EXERCISE DETAILS
Please reproduce all of the listing below exactly and drop its images.

DATASET CONTENT
•••••

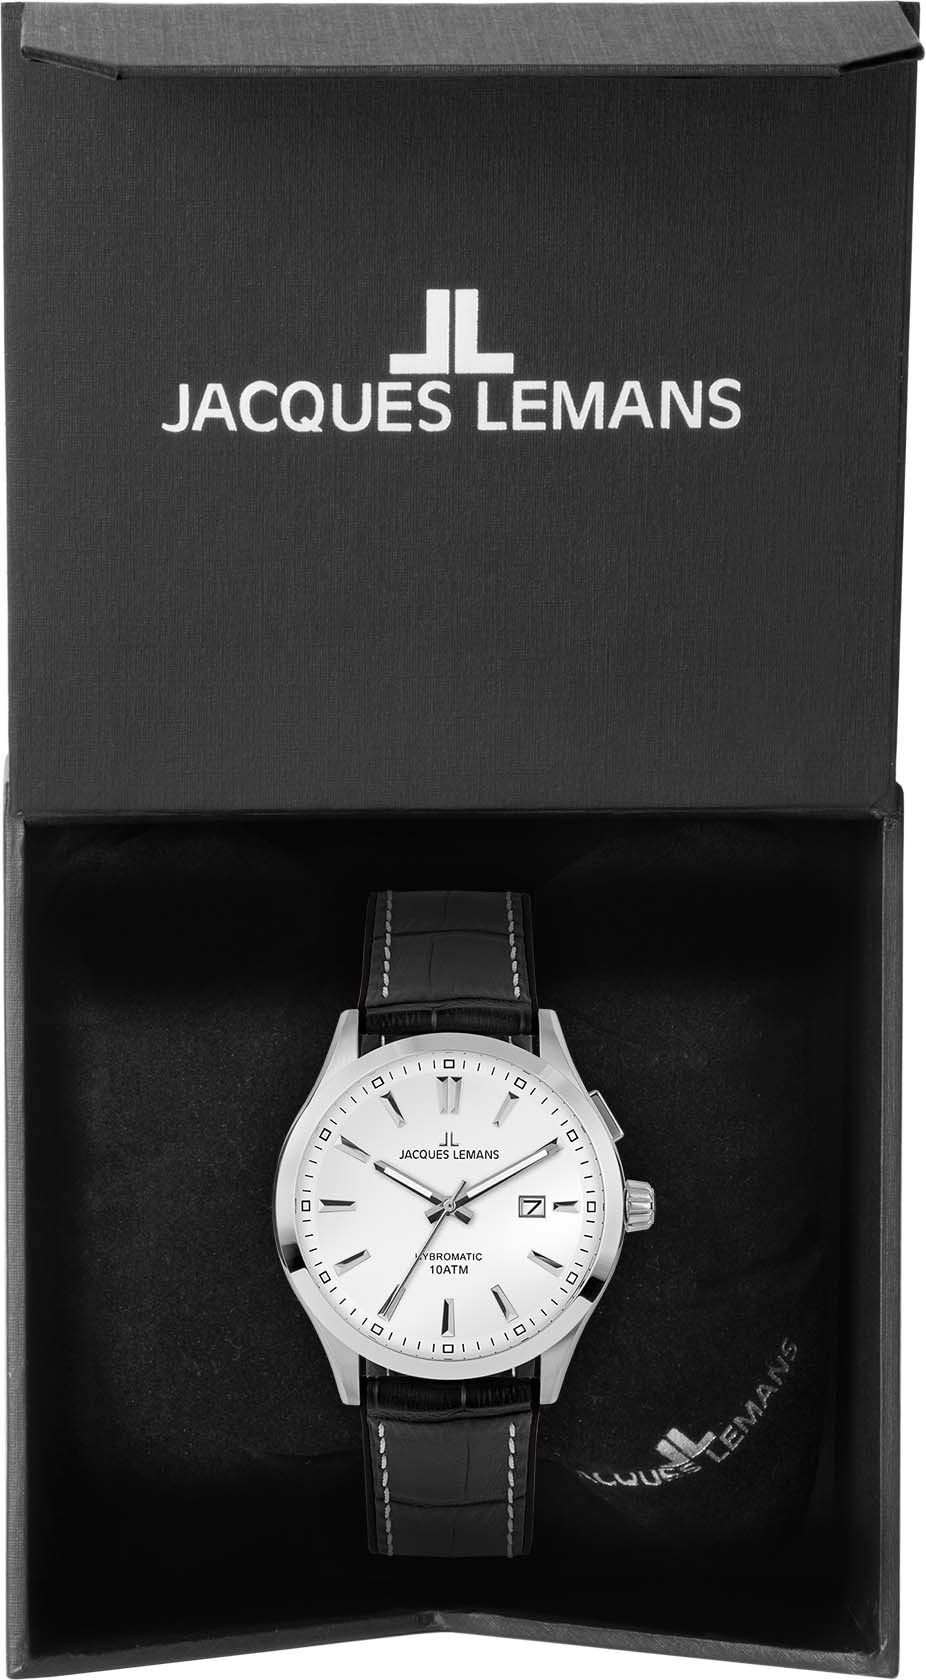 Jacques Lemans Kineticuhr bei ♕ »Hybromatic, 1-2130B«
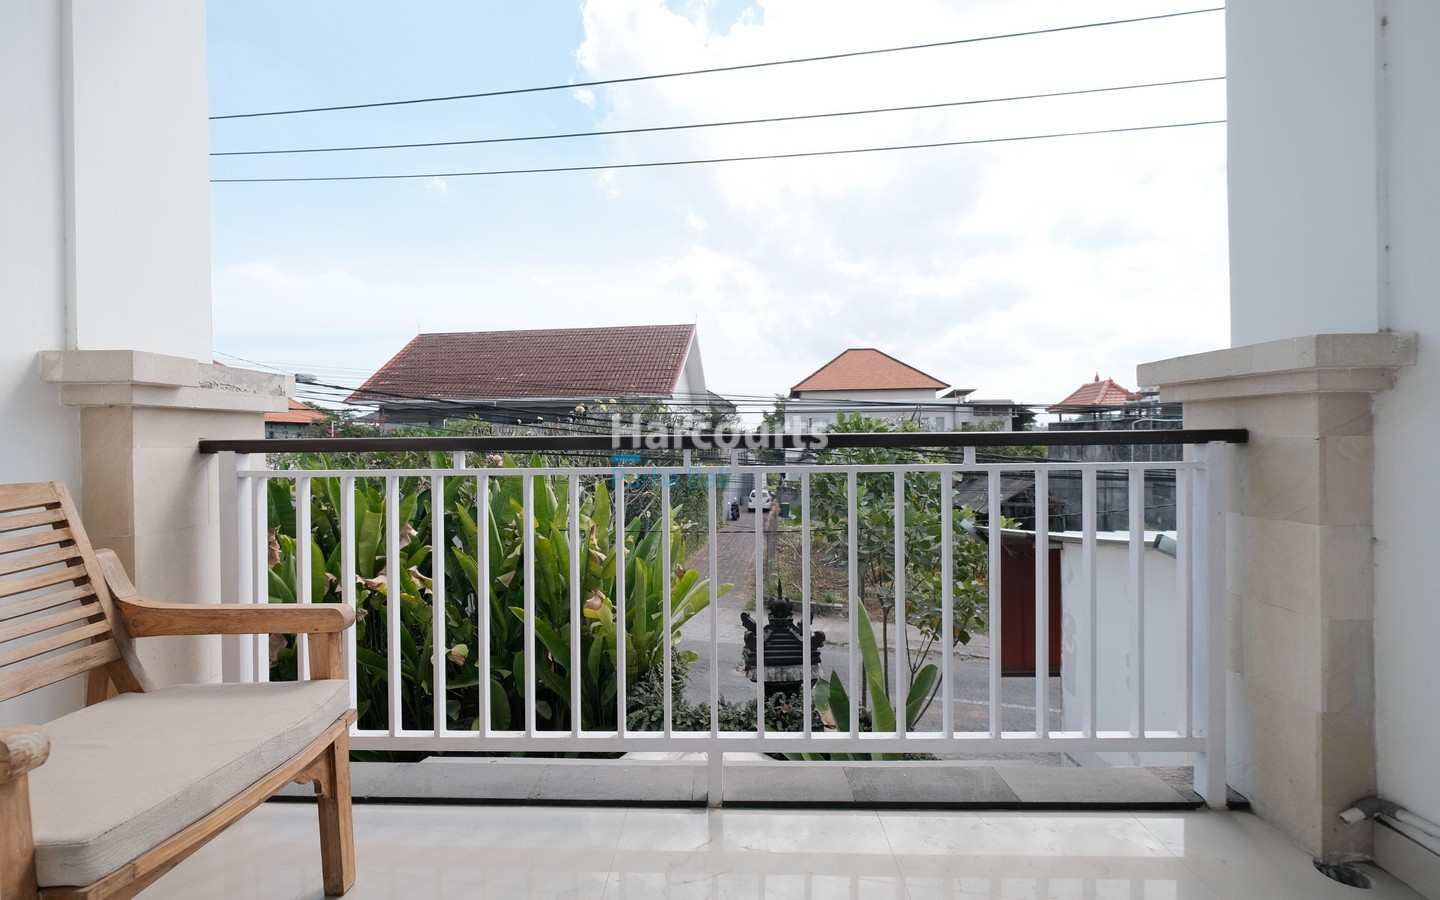 Apartments with Shop for Lease in Canggu Bali
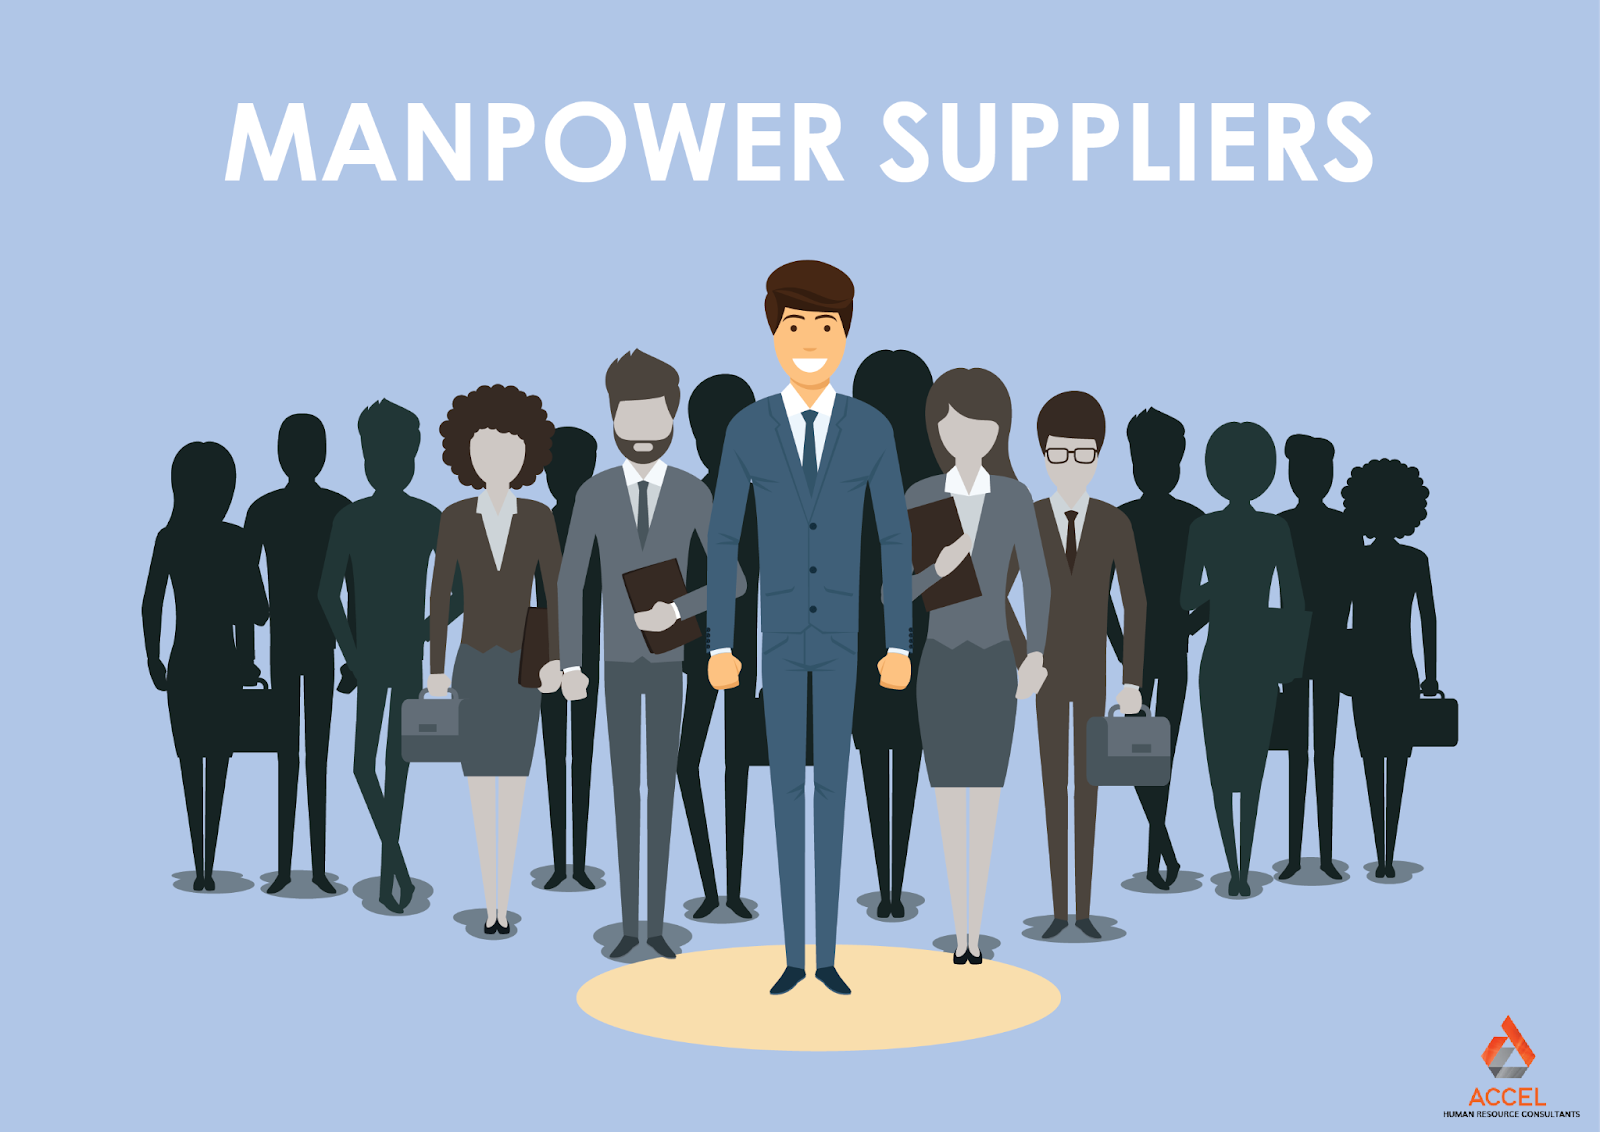 Manpower suppliers in Dubai - 4 Great Reasons Why Hiring Manpower Suppliers Is Beneficial
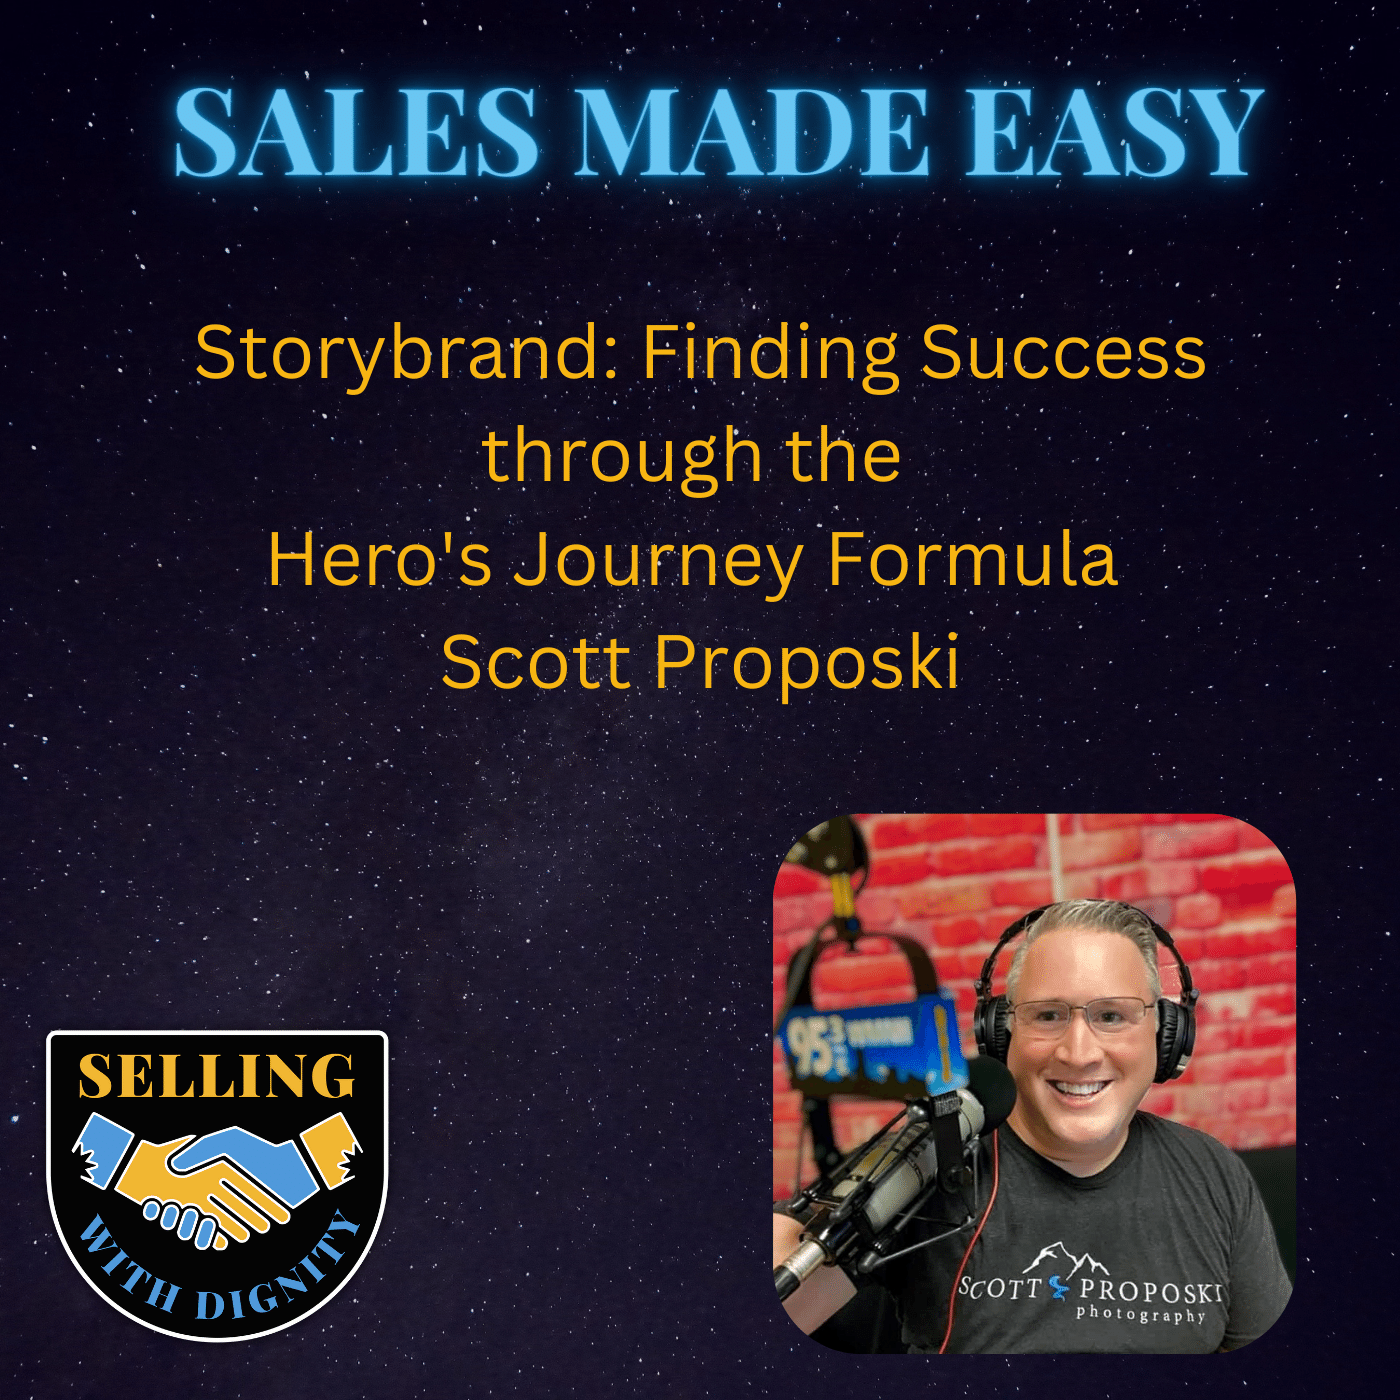 Storybrand: Finding Success through the Hero’s Journey Formula with Scott Proposki

•••••

SOLUTION TO THE PROBLEM
 Jacques Lemans Kineticuhr bei ♕ »Hybromatic, 1-2130B«
 Apartments with Shop for Lease in Canggu Bali
 Manpower suppliers in Dubai - 4 Great Reasons Why Hiring Manpower Suppliers Is Beneficial
 Storybrand: Finding Success through the Hero’s Journey Formula with Scott Proposki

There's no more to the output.